男子放下了手中的筷子,雙手放在膝上,
“不瞞小娘子說,這次我來,卻是有事要同小娘子說。”
“郎君請說。”
“我知內人當時同小娘子租此鋪子,一年只要一千八百錢租金,雖是當時定下的,但畢竟經商謀萬金,誰出來做事,不是為了個利字。
我們這鋪面雖然是不大,但地段甚好,你看這來來往往的都是客,若是鋪面再稍大,怕沒個三五千百,也是盤不下來的。故而這一千八,屬實是低了些。”
聽見男人這么說,白錦兒一挑眉,
“這么說,郎君是來,改要那租金數目的了?”
男人沒有說話,手指摩挲著盤碗,不過臉上那讓人覺得奸詐異常的笑容,已經說明了他的答案。
白錦兒也不著急,
她盤腿坐著,臉上神情不改,雙目注視著眼前的男子,語氣不卑不亢地開口:
“郎君方才說的雖然不差,可這事情,我并不能答應。
一如郎君所言,經商謀萬金,可郎君亦知道,無論是做人還是經商,誠信二字最要緊。租鋪子時,我與娘子曾下契,上面白紙黑字寫下來租金幾何,租幾年月,亦是呈市監令鑒過的。
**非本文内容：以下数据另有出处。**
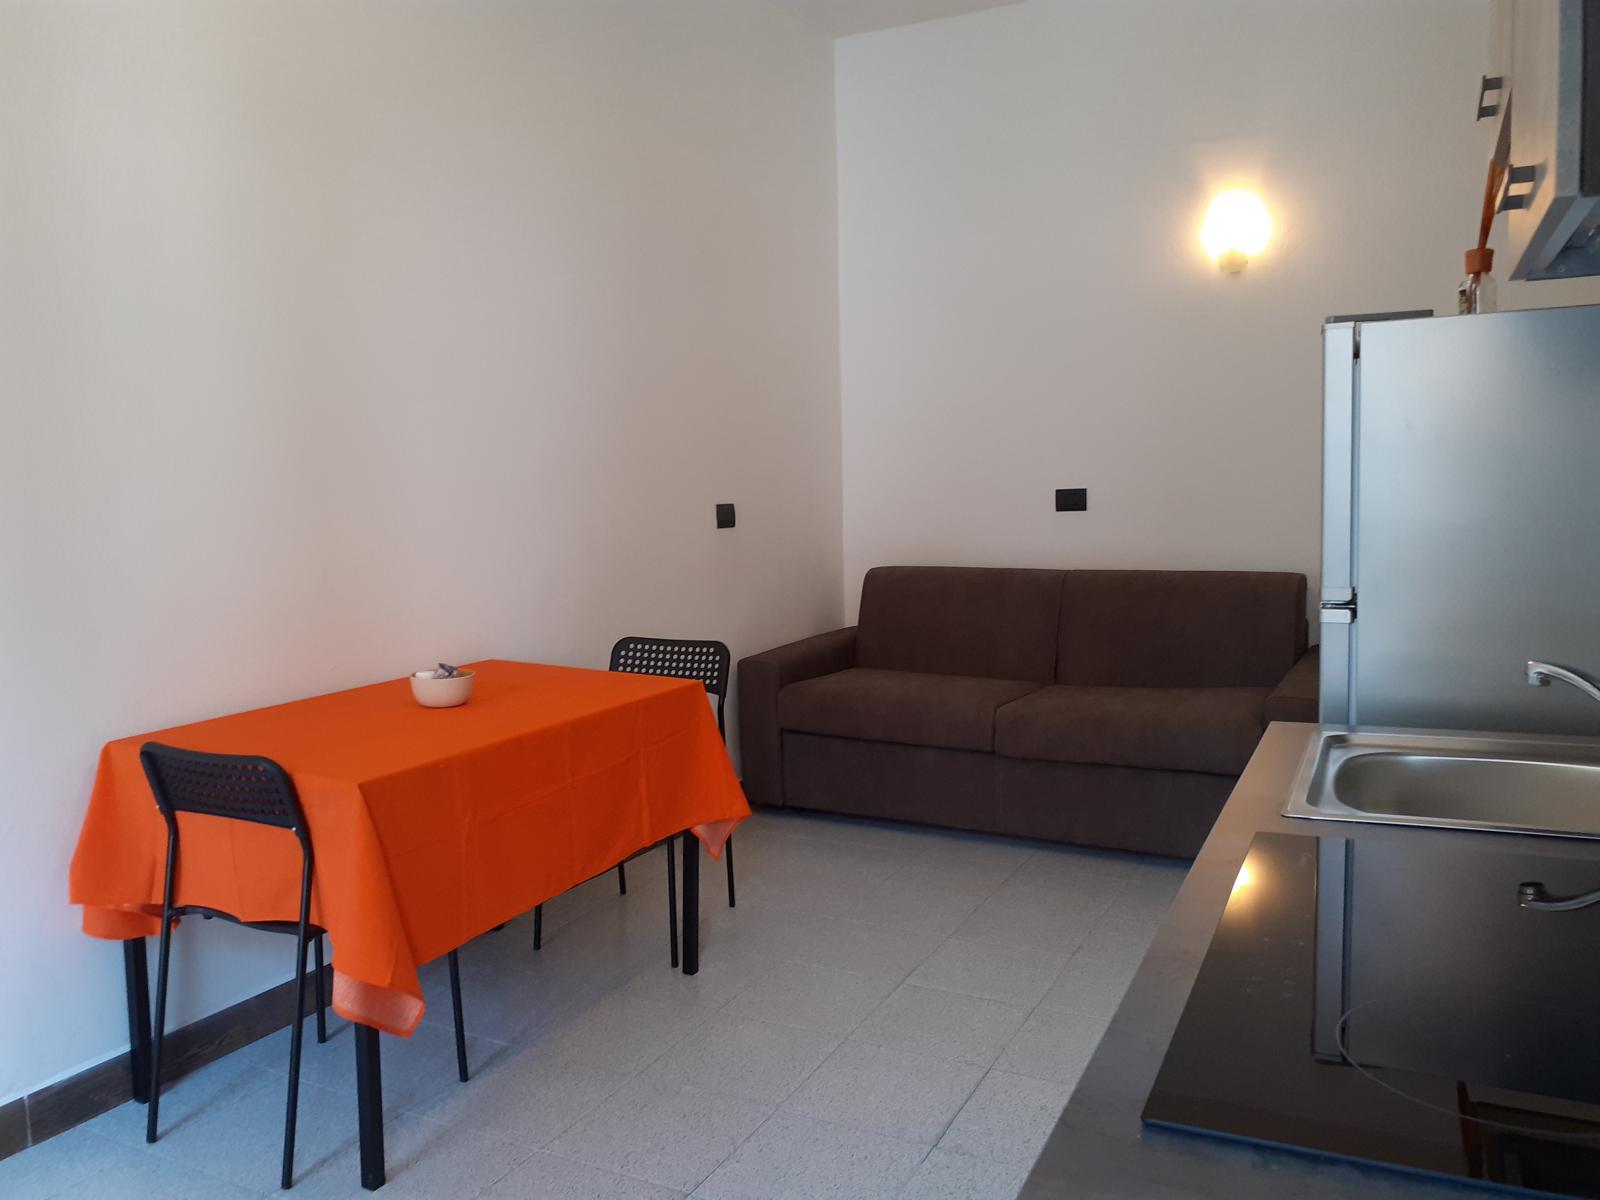 appartamento-in-vendita-a-baggio-milano-monolocale-65.000-euro-spaziourbano-immobiliare-vende-10

既然是已經坐定,又怎么有隨意更改的道理?便是我依,怕市監那邊,也是不依照的。
自然,若是郎君硬要毀契,那我這里沒主意,我們就只能上西市署言明稟告了。”
雖說是第一次遇到事情,但白錦兒可不是第一次和這種人打交道了。她一新世紀來的人,大學學的專業也與經濟有關,這么點常識,一定是有的,
早先尹氏說不用立契,也是她堅持著,一定要有一式兩份書面的文件才行。也是她堅持著,將文書還特意拿去西市署那邊下了訂正。
就是為了遇到這種事情的時候,有個憑仗。
白錦兒當自己說完這些,想男人會惱羞成怒——尹氏是個急著掙零花錢心里沒計算的人,她這位夫君,看著可不是這種好對付的人。結果一番言語下來,男人的表情竟然沒什么改變。
“原是如此,
既然是我家訂下契,豈有我家來毀的道理。剛才我所說的,小娘子只管忘記便是。一年租金還是照契約上所說,一千八百錢,再外了不說,這兩年間改錢換期之事,斷不會再提。”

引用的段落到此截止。